[Dataset extract]

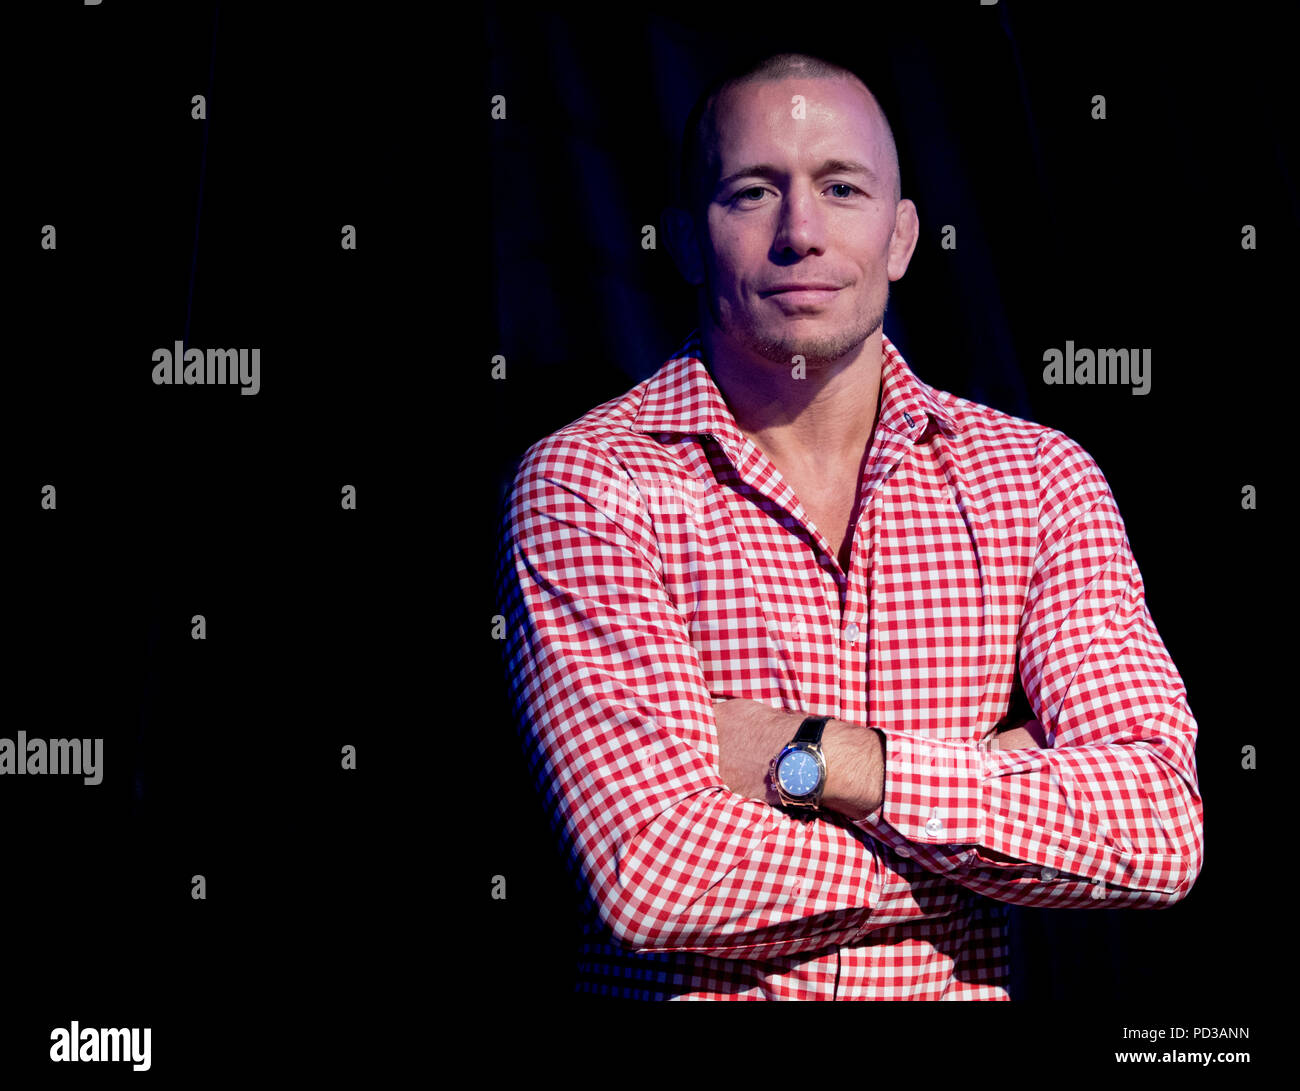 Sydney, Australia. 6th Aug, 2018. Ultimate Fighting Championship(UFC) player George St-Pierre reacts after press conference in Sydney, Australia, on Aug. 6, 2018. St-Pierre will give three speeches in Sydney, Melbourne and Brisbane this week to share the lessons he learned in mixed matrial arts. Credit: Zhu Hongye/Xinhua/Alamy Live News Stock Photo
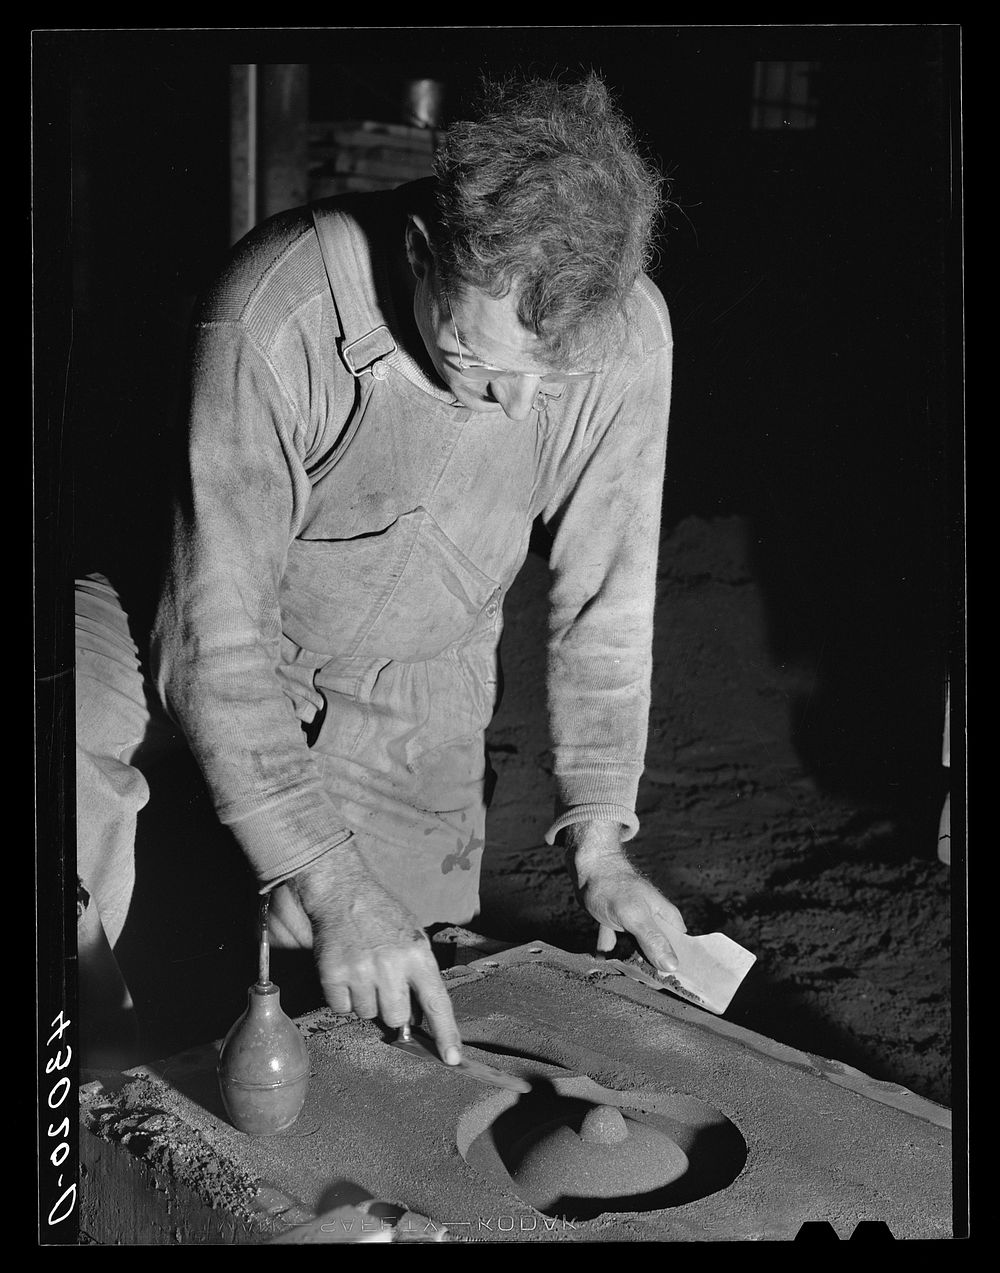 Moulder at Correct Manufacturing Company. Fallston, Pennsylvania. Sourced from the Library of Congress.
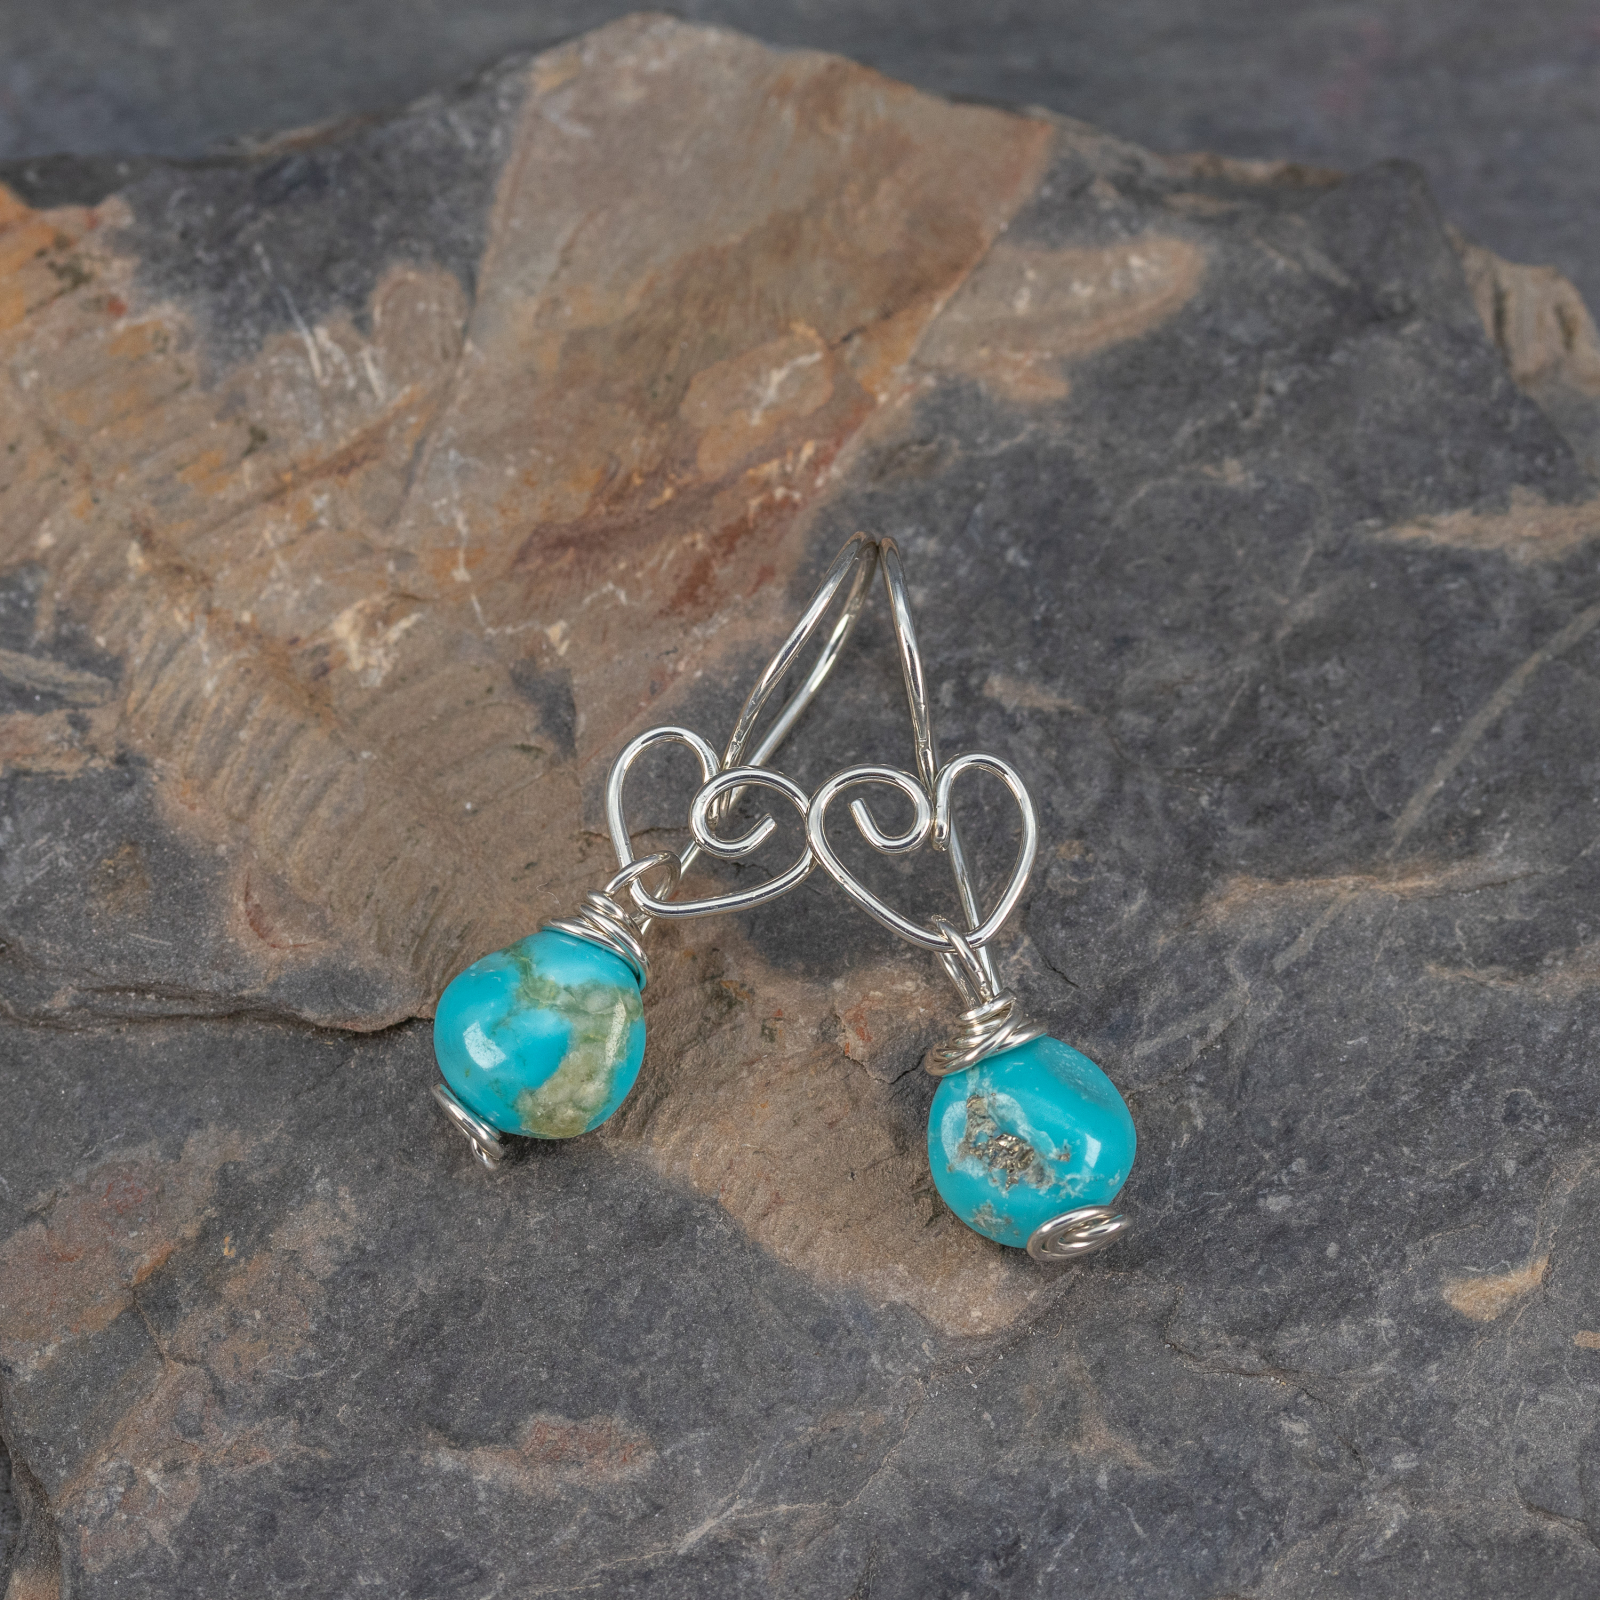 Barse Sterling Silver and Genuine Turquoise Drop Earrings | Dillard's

[/Dataset extract]

** Instructions for the task **
Every line above should be transcribed exactly, though no image should be carried over.

** Solution to the exercise **
 Sydney, Australia. 6th Aug, 2018. Ultimate Fighting Championship(UFC) player George St-Pierre reacts after press conference in Sydney, Australia, on Aug. 6, 2018. St-Pierre will give three speeches in Sydney, Melbourne and Brisbane this week to share the lessons he learned in mixed matrial arts. Credit: Zhu Hongye/Xinhua/Alamy Live News Stock Photo
 Moulder at Correct Manufacturing Company. Fallston, Pennsylvania. Sourced from the Library of Congress.
 Barse Sterling Silver and Genuine Turquoise Drop Earrings | Dillard's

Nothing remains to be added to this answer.